Practitioners in RTA or EL/PL cases take note! Settlement by Part 36 can have unexpected consequences, and defendants must seriously consider whether making a Part 36 offer is appropriate if they wish to dispute the costs claimed.
I was recently instructed in relation to an RTA claim in which, following submission of the claim notification, form the defendant had written to the claimant stating that it had LVI concerns which, it said, required further investigation. The claimant thereafter wrote to the defendant confirming that due to the concerns raised, the matter was no longer suitable for the portal and therefore the matter had exited the portal pursuant to the paragraph 7.76 of the RTA Protocol.
The matter proceeded and ultimately settled by way of Part 36 following the issue of proceedings but before a case management conference.
The claimant sent a schedule to the defendant setting out the relevant costs with Table B under CPR 45.29A.
The defendant responded by stating that the fact that LVI was raised was not sufficient justification for the matter to exit the portal, that liability was admitted and that therefore the matter should have remained within the portal and the court should restrict the claimant to portal costs.
This was a matter which started under the RTA Protocol, but no longer continued under that protocol,[i] and therefore the starting point for determining the claimant’s entitlement to costs is CPR 36.20.
The right to detailed assessment arises only where there is an order that a party pay another parties costs to be assessed if not agreed. This can happen in the following ways:-
- The court makes an order in those terms (either by consent or otherwise);
- Such an order is deemed to have been made pursuant to CPR 44.9(1), specifically as a result of the operation of:-
- CPR 3.7 (claim struck out for non-payment of fees)
- CPR 3.7B (sanctions for dishonouring cheque)
- CPR 36.13 (a CPR 36 offer is accepted); or
- CPR 38.6 (claimant discontinues)
It is important to note that CPR 36.13 only applies subject to CPR 36.20[ii], thus an order for assessment of costs is deemed to have been made only where the claim settles pursuant to CPR 36.13, and not where settlement is pursuant to CPR 36.20.
The applicable regime is that contained within CPR 36.20(2), which states that ‘where a Part 36 offer is accepted within the relevant period, the claimant is entitled to the fixed costs in… [the relevant table].. of Part 45 for the stage applicable at the date on which notice of acceptance was served…’ The only relevant factor is when the claim actually settled, and there is no right for the claimant to bring assessment proceedings, or for the defendant to dispute the costs claimed.
CPR 45.29A states that it applies ‘where a claim is started under the [RTA Protocol] but no longer continues under the relevant Protocol…’ This is a simple question of fact, and there is nothing which provides that the claim must have left the portal ‘correctly’.

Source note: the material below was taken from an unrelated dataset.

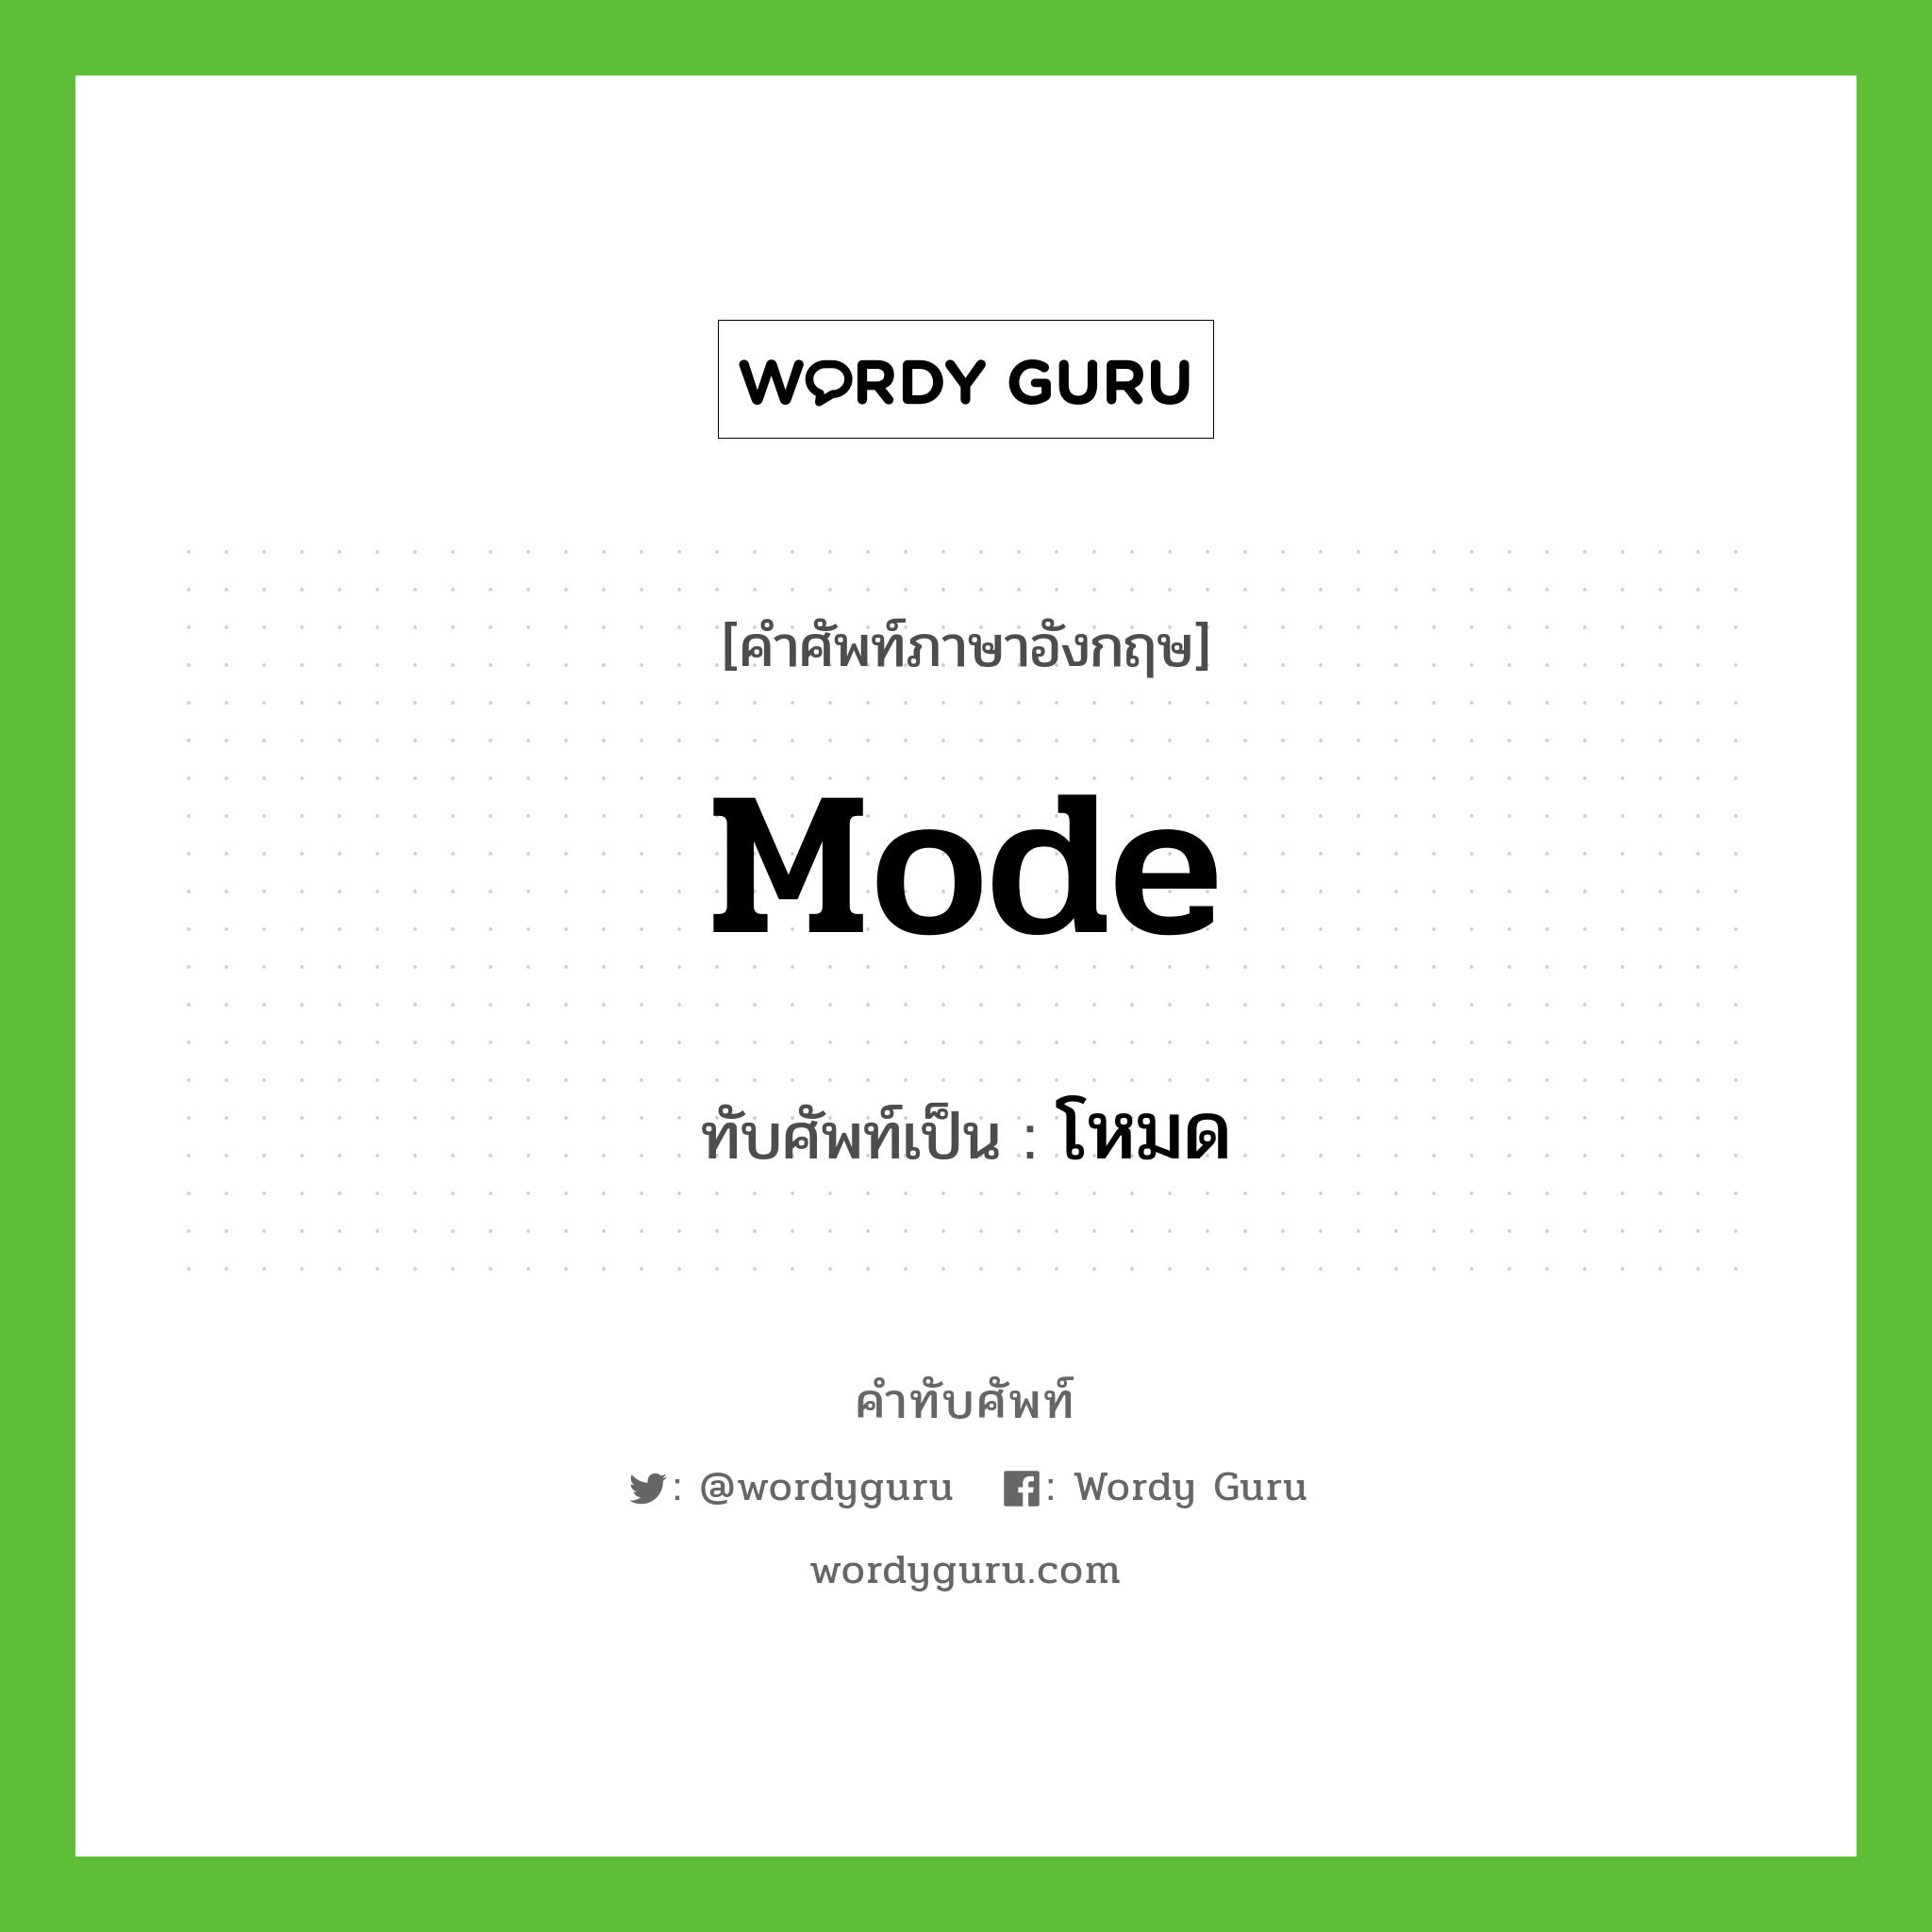 mode เขียนเป็นคำไทยว่าอะไร?, คำศัพท์ภาษาอังกฤษ mode ทับศัพท์เป็น โหมด

It is worth noting that CPR 45.29A does state that ‘nothing in this section shall prevent the court making an order under rule 45.24’. Pursuant to CPR 45.24(2) and (2A), where the court determines that a claimant did not comply with the relevant protocol the court may make other orders in respect of costs. It is critical to note that these paragraphs apply only where judgment is given in favour of the claimant. Where the claim has settled, as will always be the case where there is offer and acceptance pursuant to CPR 36, there has been no judgment.
If a CPR 36 offer made in RTA or EL/PL proceedings is accepted within the relevant period for that offer, the claimant will be entitled to the costs within the relevant table applicable as at the date notice of acceptance was served. There is no right for a defendant to dispute the level of costs claimed. Defendants in such cases should consider whether to make a Part 36 offer at all.
Whilst a defendant might seek to argue that it had already raised issue with whether the claim had left the portal correctly, it is my view that such an argument would be unlikely succeed because the consequences of Part 36 are clear, and that by making such an offer the defendant has compromised its right to do so.
If defendants wish to settle such claims but preserve their right to dispute the claimant’s costs, they should settle by way of a consent order providing that costs be assessed.
Please note that this question has not currently been determined by the court and is my current recommendation for ‘best practice’. Updates shall follow as the position develops.